The Chaos Communication Congress is growing! Actually, it’s not, but there may be an ‘overflow venue’ for everyone who didn’t get a ticket. There’s a slack up for people who didn’t get a ticket to 33C3 but would still like to rent a venue, set up some tables, stream some videos, and generally have a good time.

Need to test a lot of batteries? Have one of those magnetic parts tray/dish things sitting around? This is freakin’ brilliant. Put your batteries vertically in a metal dish, clip one lead of a meter to the dish and probe each battery with the other lead of your meter.

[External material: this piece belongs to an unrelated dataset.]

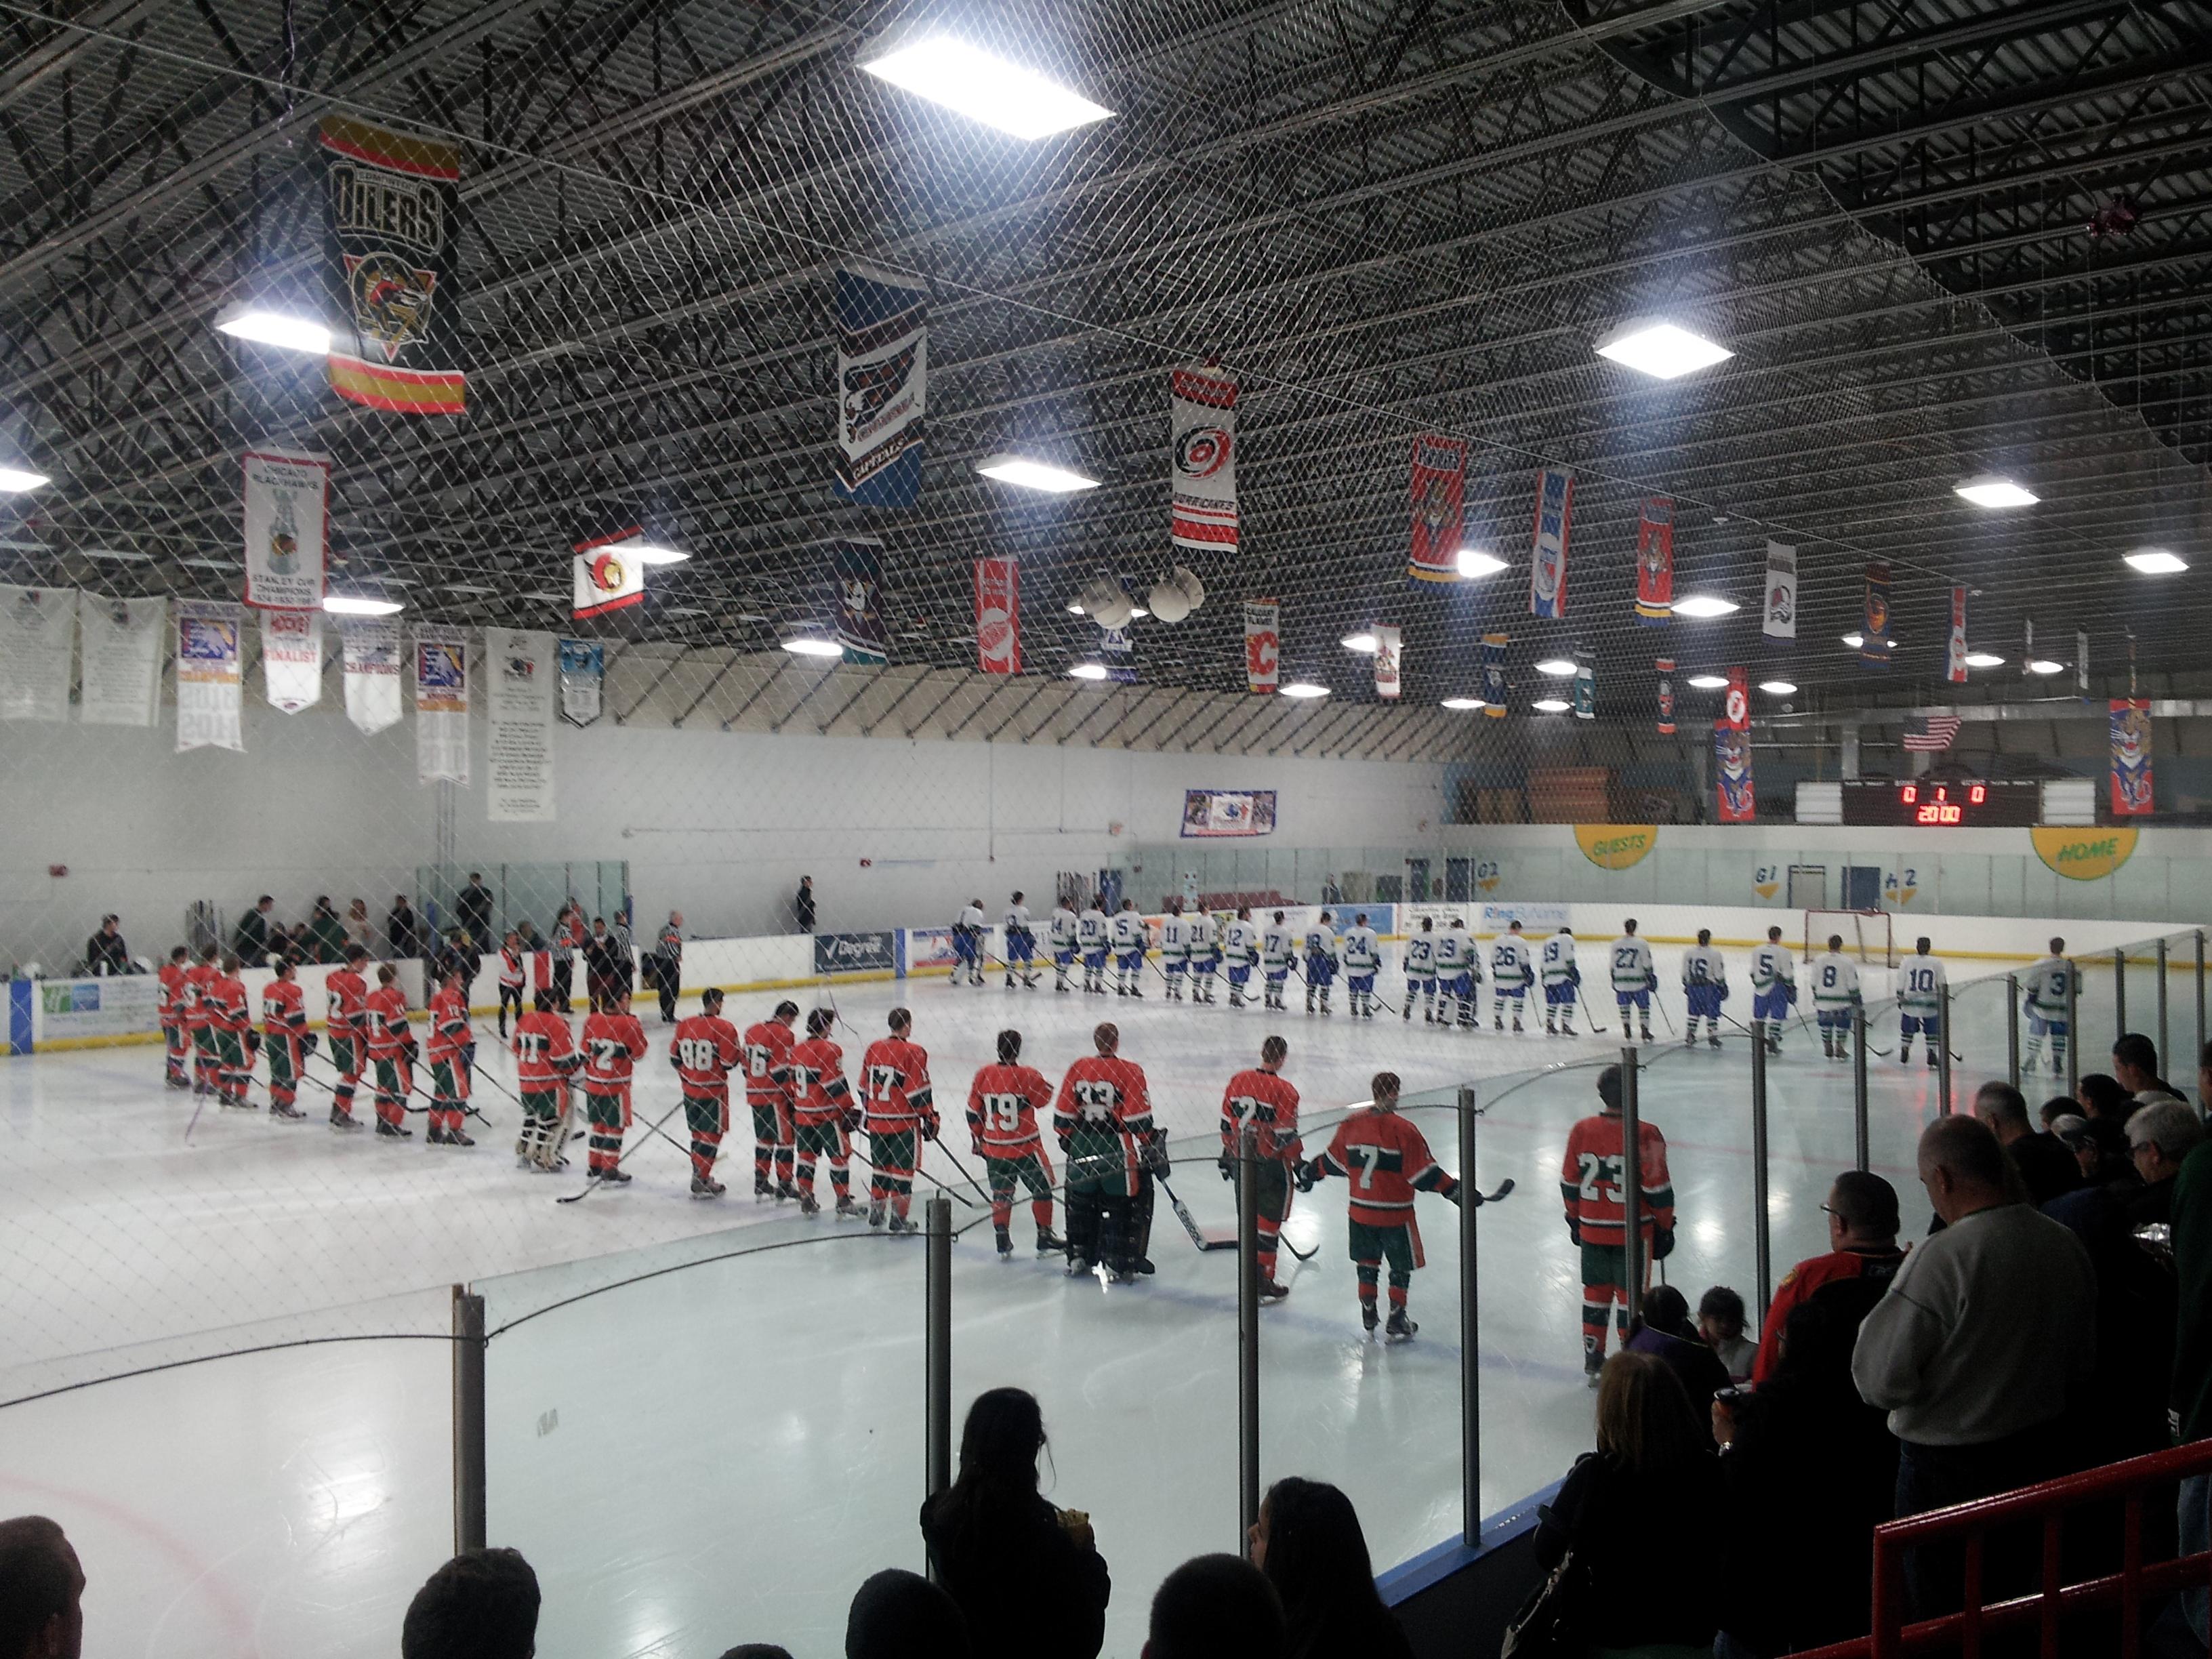 South Florida Ice Hockey
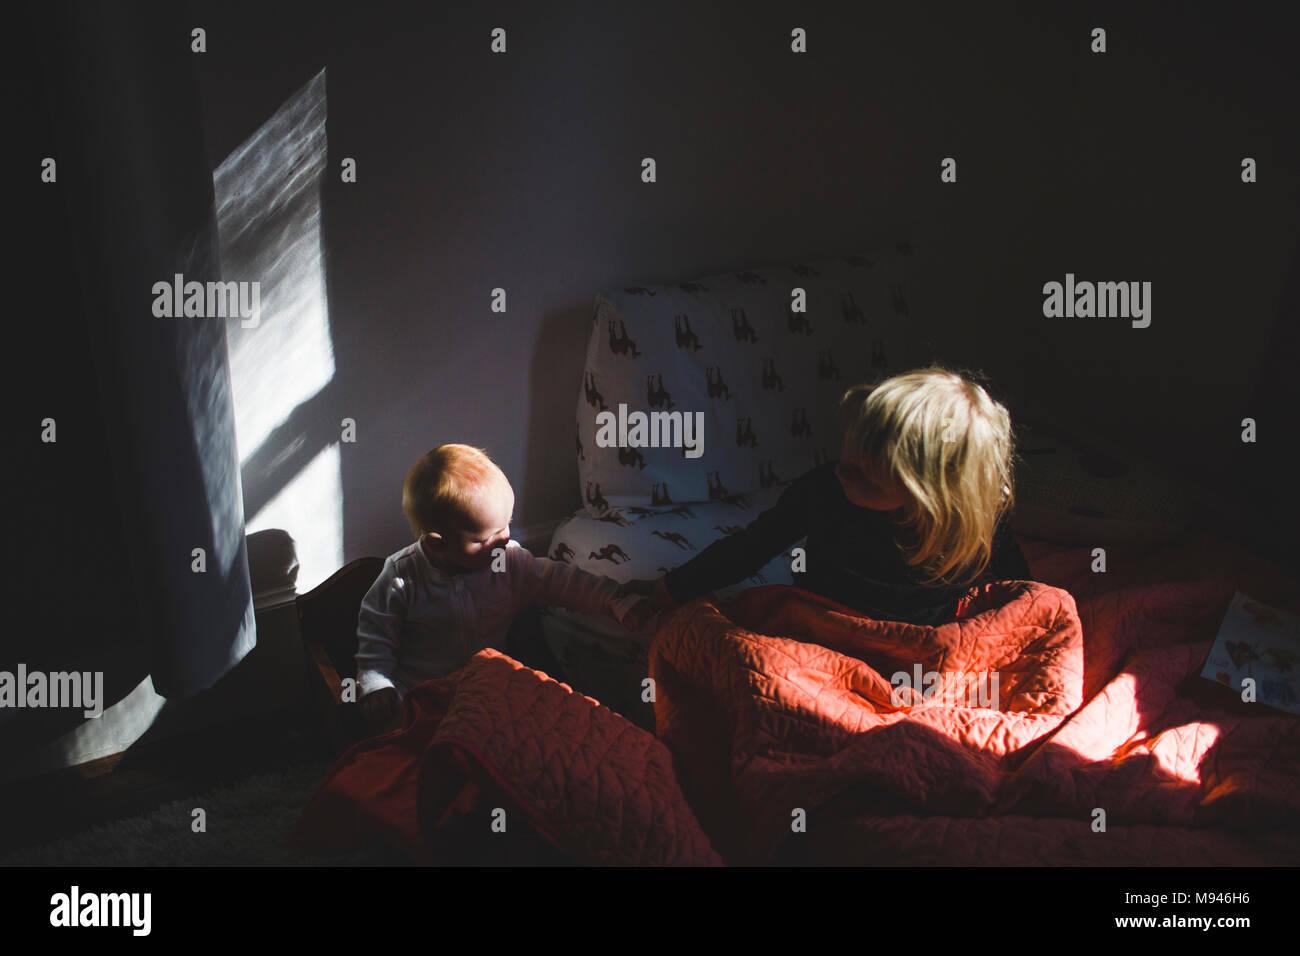 Niña y Bebe aguantando mutuamente en camas separadas Imagen De Stock

Pravda reports the USS Zumwalt and HMS Duncan – the most technologically advanced ships in the US and Royal Navies – have turned into, ‘useless tin cans due to China’, with ‘Microchips made in China putting the vessels out of action’. Again, Pravda reports this, so don’t worry. In other news, someone found a few USB drives in a parking lot in Norfolk, Virginia.

Here’s how discourse goes on the Internet. Someone does something. Everyone says it’s stupid. We wait a few days or weeks. Someone posts something on Medium telling everyone it’s actually okay. Public opinion is muddled until the actual issue being discussed is rendered technologically irrelevant. For the newest MacBook Pro, we’re currently at stage 3 and ‘it’s kind of great for hackers’. Now if only we knew how to make USB-C ports work with microcontrollers…

If you have a Prusa i3, here’s a free gift: a Spitfire. The files to print a remote control, 973mm Spitfire Mk XVI are now free for Prusa i3 and i3 Mk 2 owners. Why? Because it’s cool, duh, and [Stephan Dokupil] and [Patrik Svida], the guys behind the Spitfire and other 3D printed RC planes, are also in Czech. Now all we need are Czech roundel stickers.